Assuming that an average human being sleeps for 8 hours and needs around 2 hours for necessary chores, ablutions, rituals, commute, etc- you are dedicating almost a quarter of your productive time to your Smartphone. Now, before you retort that not all time spent on phone is a waste. Let’s be honest. Numbers don’t lie – almost three fourth of this time is spent on amusing ourselves- either relaying our life on the internet or checking status messages, pictures, forwards, videos, jokes and whatnot from your friends, family, colleagues, celebrities and lets not forget the suggested videos and content from the rapidly evolving AI of some of these social networks.

Does doing all this bring any good to us? There is enough research evidence that proves that the ill effects of excessive use of social media go far beyond just reduced productivity and attention spans. Research has attributed excessive usage of social media with high levels of anxiety, depression, poor sleep quality and FOMO, or the “fear of missing out.” It sets unrealistic expectations and create feelings of inadequacy and low self-esteem.

A recent study even links the increasing trend of teenage depression and suicides to the sudden ascendance of the Smartphones. There are teens who are spending more time online than time with real friends. When we start judging our self worth basis external validation of likes, hearts, shares, etc, we are bound to feel out of depth.

On an average, we check our phones over 100 times a day. The barrage of notifications just doesn’t seem to end.

According to clinical psychologists -each notification, like and communication is a stimulant that acts as a pleasure hit to the brain. It creates an instant sense of excitement and being needed. The irresistible urge to look at a Smartphone screen also can stem from a fear of missing out and compulsive and addictive behaviors.

Even worse, a report from University of Texas actually states that cognitive capacity and overall brain power are significantly reduced when your smartphone is within glancing distance—even if it’s turned off and face down. Just a mere sight of Smartphone can be distracting. We are so terribly programmed.

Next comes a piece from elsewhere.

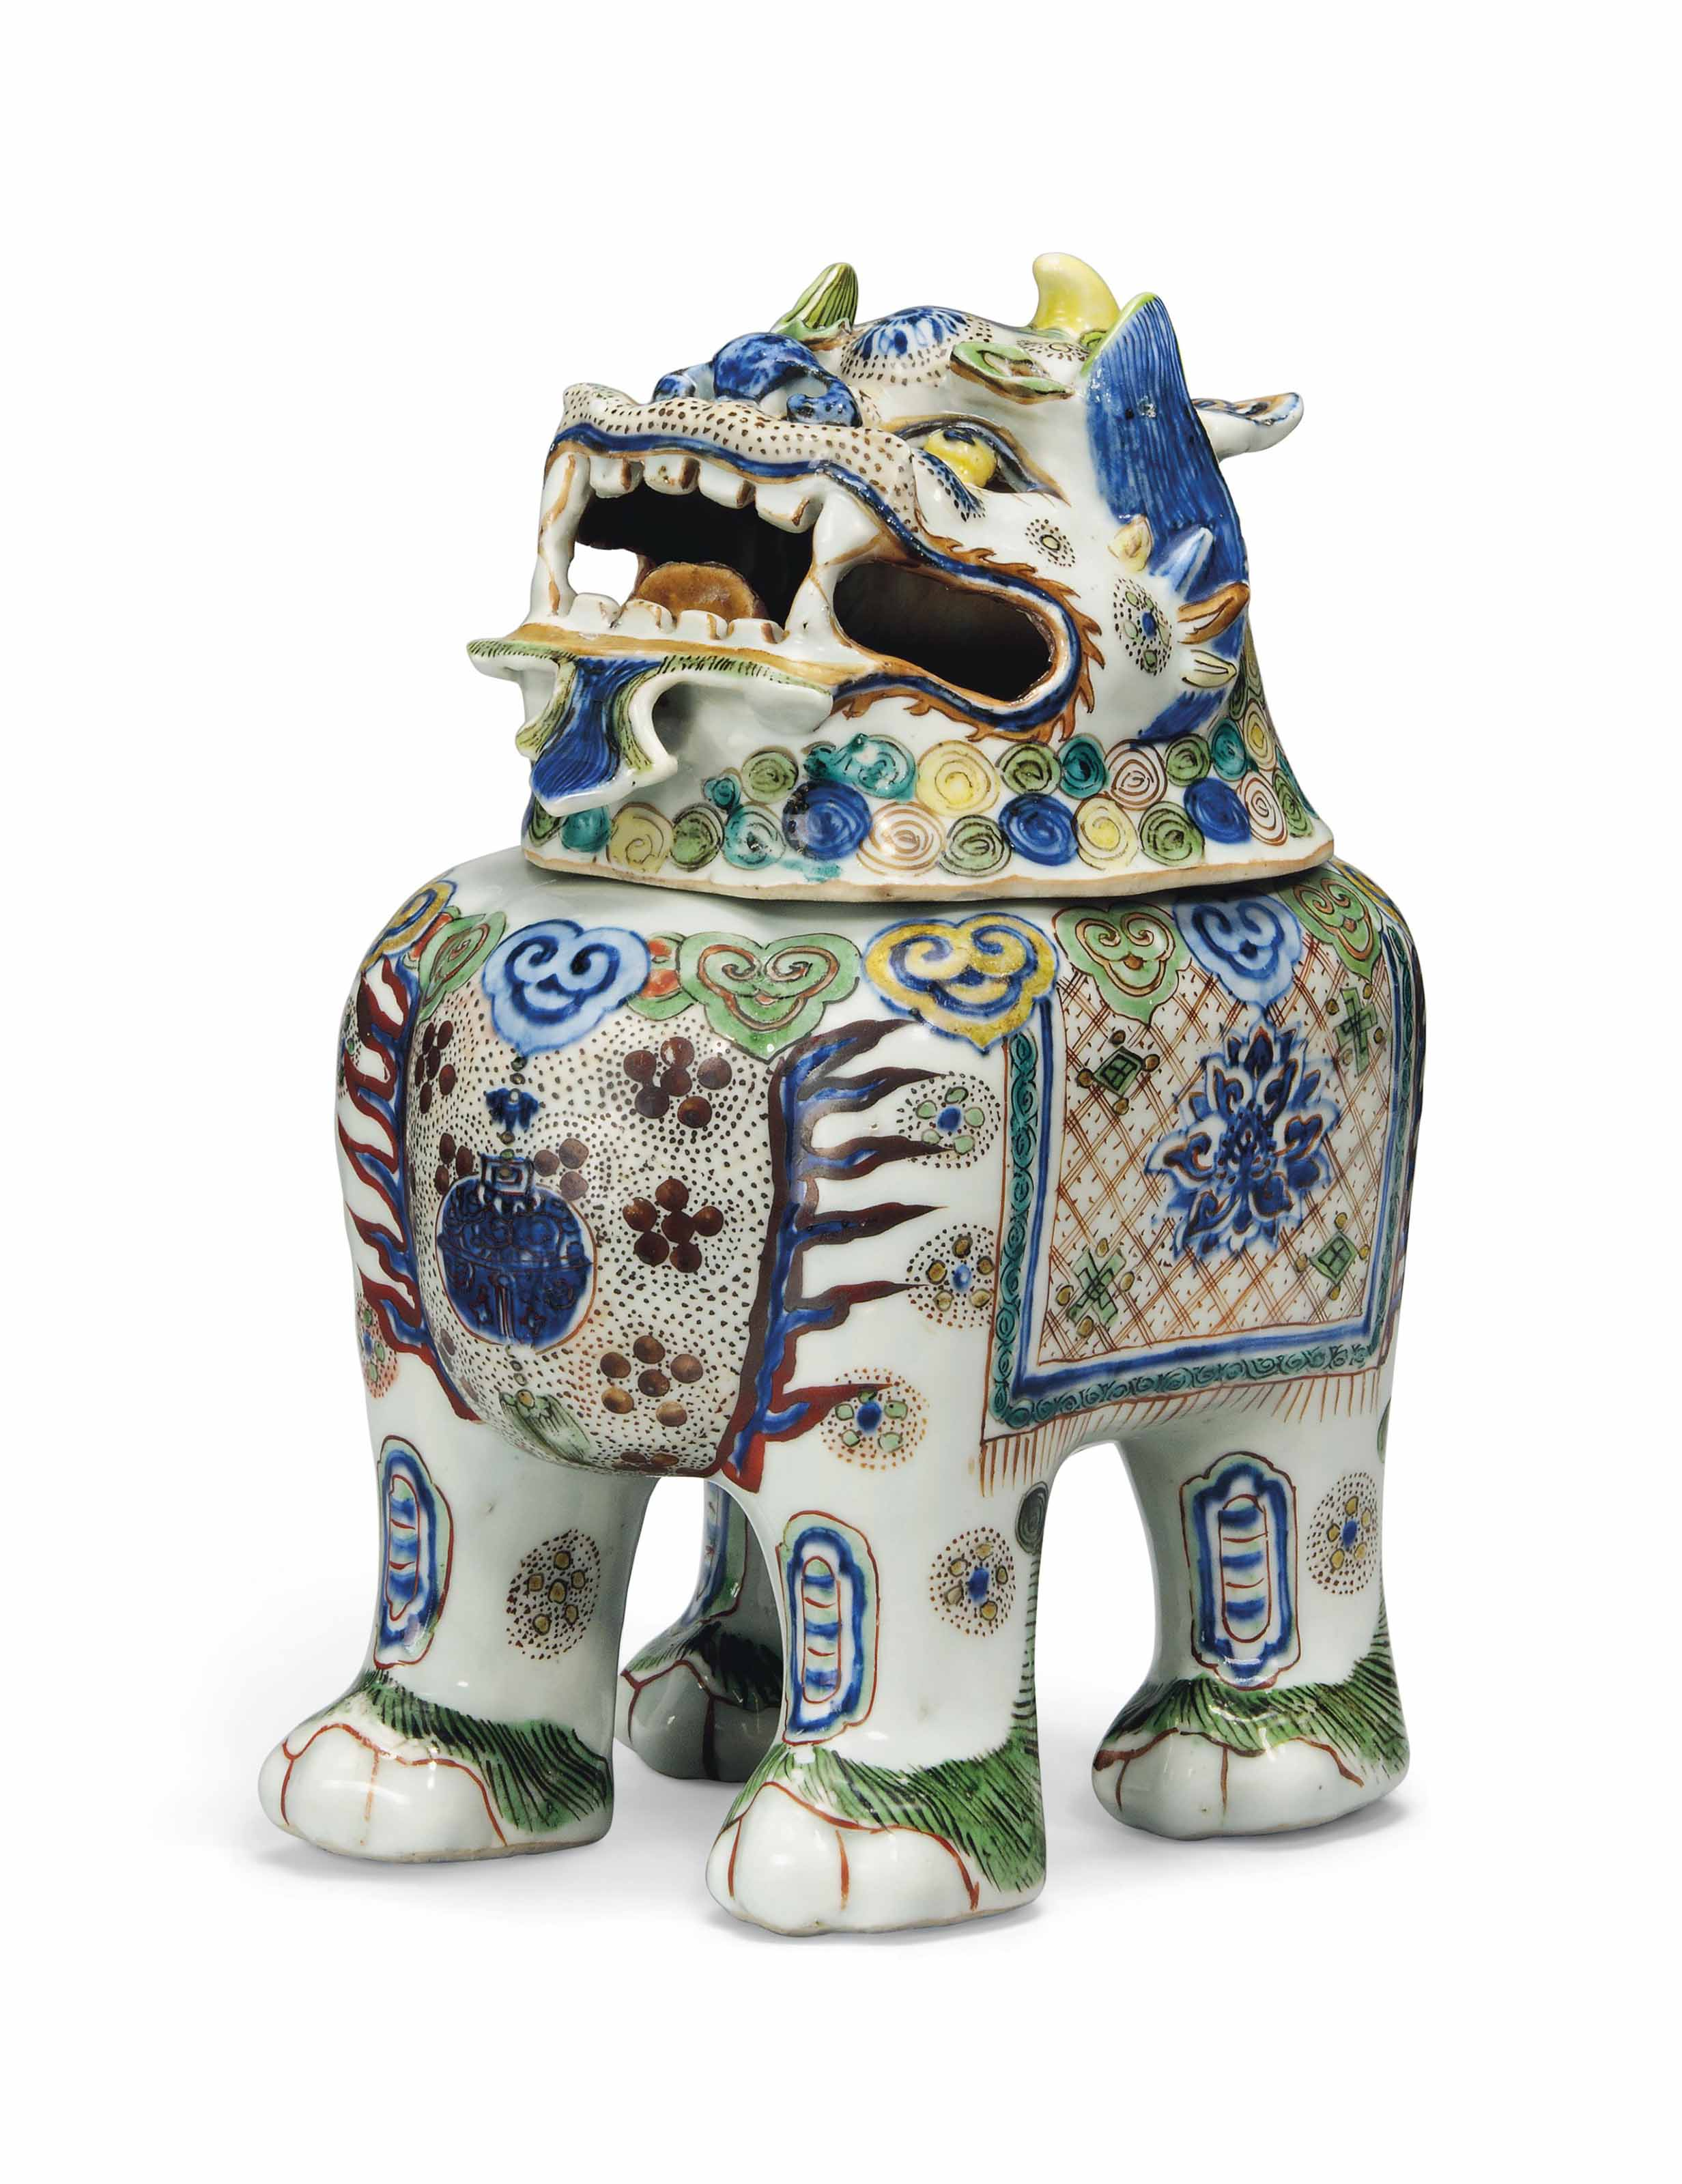 A WUCAI 'BUDDHIST LION' CENSER

My biggest realization of my own Smartphone addiction happened when my 7 year old asked me- "What is more important- your phone or me?".

I have seen so many parents – in parks, restaurants, dinner tables, even bedrooms- absorbed in their phones. Physically present but mentally isolated. Aren’t we sending out a message to our children that it is OK to be distracted? To be not present in the moment?

If they inherit these traits from us- traits of attention disorder, instant gratification and external validation, how will they handle responsibilities and relationships that require time, commitment and perseverance to nurture?

All of us need down time. That quiet time when the mind needs break from constant stimulus and needs to rest. That’s when the best ideas occur. Alas, there is no such luxury now. We turn to the screen, the minute we have some free time.

Such is our addiction that we don’t even mind risking our lives for them. Unfortunately I couldn’t find that exact stats on accidents due to using mobile phone while driving, but I am sure just by looking at the number of people I see using their phones while driving that Smartphones must be one of the major contributors to distracted driving and accidents therefore.

So, while curating your list of resolutions for 2018. Think about your attachment with your Smartphone. If you are like me, a little iffy on self-control, probably it’s the right time to do something about your Smartphone addiction.

I have taken a simple step, of deleting apps like Facebook, Twitter, YouTube, Instagram from my phone- that consumed a lot of my time and headspace. I only access Facebook once a day on my laptop now and use Youtube on my TV/ laptop for a purposive search. I have muted many of my Whatsapp chat groups and email notification alerts. Also, I have started switching off WiFi at night and leaving the phone outside the bedroom. Just doing this has brought lot of relief. You should try it out. It helps.